Minimum detectable effect size for main outcomes (accounting for sample
design and clustering)
Based on earlier CAL research, we aim to be able to detect an ITT minimum effect of increasing mathematical achievement by 0.10s (standard deviations) given a 50% program take-up rate (or 0.20s among takers). The power calculations that we present next are for the comparison between TA1 and the Control group at the end of Year 2 of the study.
Data on PRDE student test scores from previous years shows an intra-cluster correlation of 0.12 at the school level (ρ=0.12). Our power calculations consider 80 students and 2.4 Grade 4-8 math teachers per school, on average, with 112 schools in each Treatment Arm and 224 in the Control group. We assume that the outcome variable is standardized within the test-taking population and that after controlling for baseline scores, the residual standard deviation equals 0.9 (sd=0.9). Given this cluster-randomized design, power calculations for ITT effects (power=0.8, α=0.05) indicate that the MDE of comparing TA1 and the control group at the end of year 2 is 0.106s. Our power analysis is conservative as we will use other baseline variables to reduce the outcome's residual variance.

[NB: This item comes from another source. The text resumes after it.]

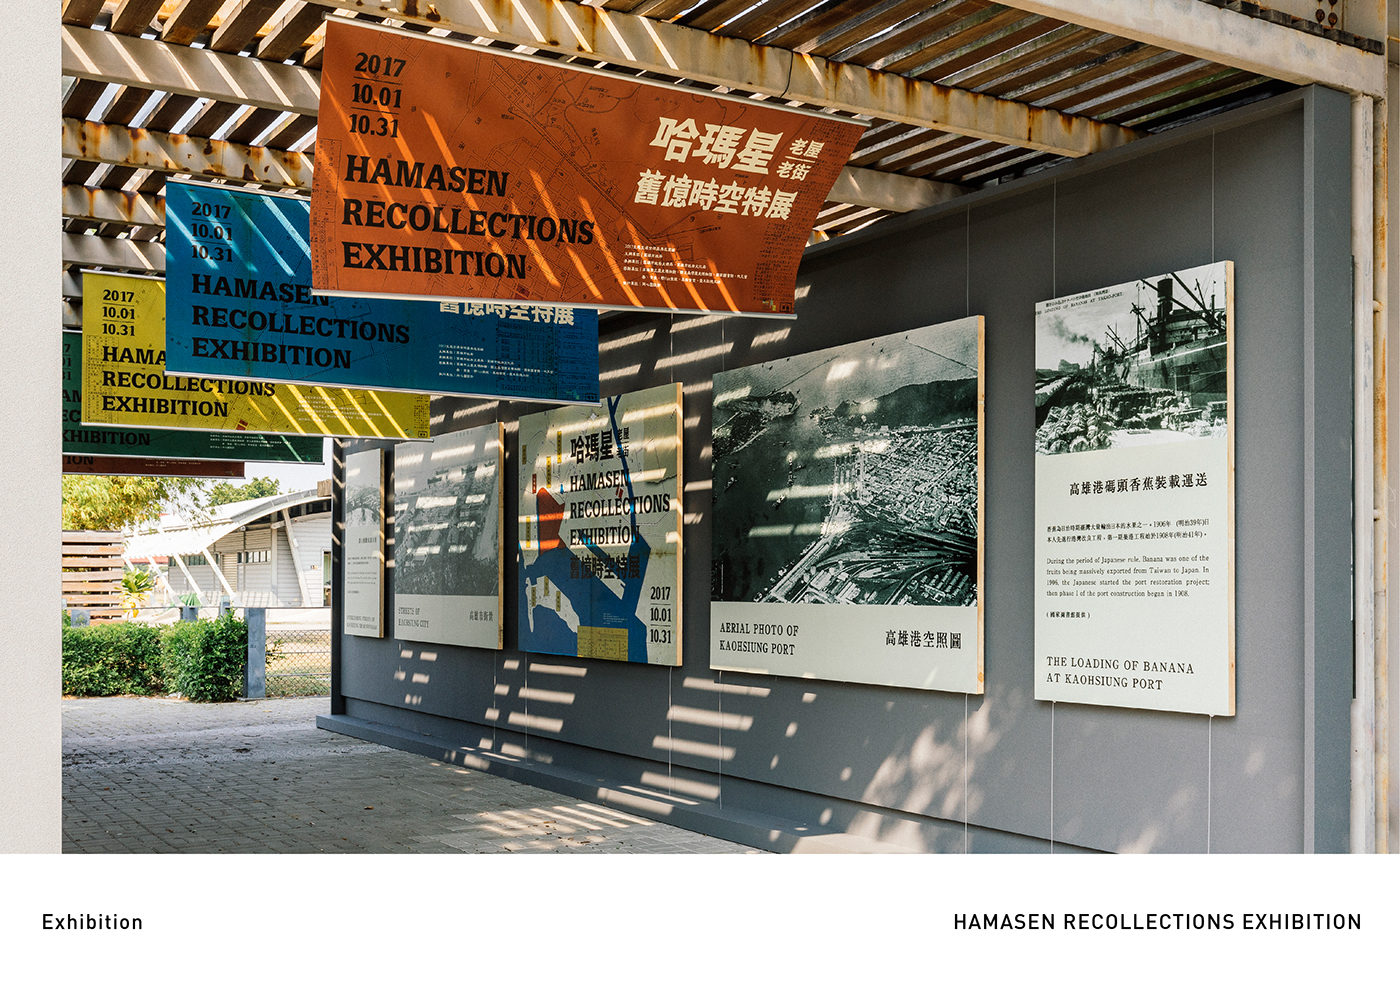 graphic design Exhibition  ILLUSTRATION  old house newborn taiwan hamasen Recollections Photography

We also perform power calculations for the short-term effects of the program. First, we calculate MDE for the comparison between schools in TA1 and the comparison group (the control group, TA3, and TA4) in Year 1 of the program. We use the same parameters for the intra-cluster correlation (ρ=0.12), and the standard deviation of the outcome (sd=0.9). The MDE of this comparison is 0.096s. Second, the MDE for comparing TA3 and the control group two years after the start of the program is 0.106s. Again, this power analysis is conservative as we will use other baseline variables to reduce the outcome's residual variance.
Given that our sample includes all primary and middle schools in Puerto Rico, we have statistical power to identify reasonably small MDEs. Furthermore, pooling Year 1 data for students in Cohort 1 and Year 2 data for students in Cohort 2 will allow us to gain significantly greater precision to detect short-term one-year ITT estimates of the interventions.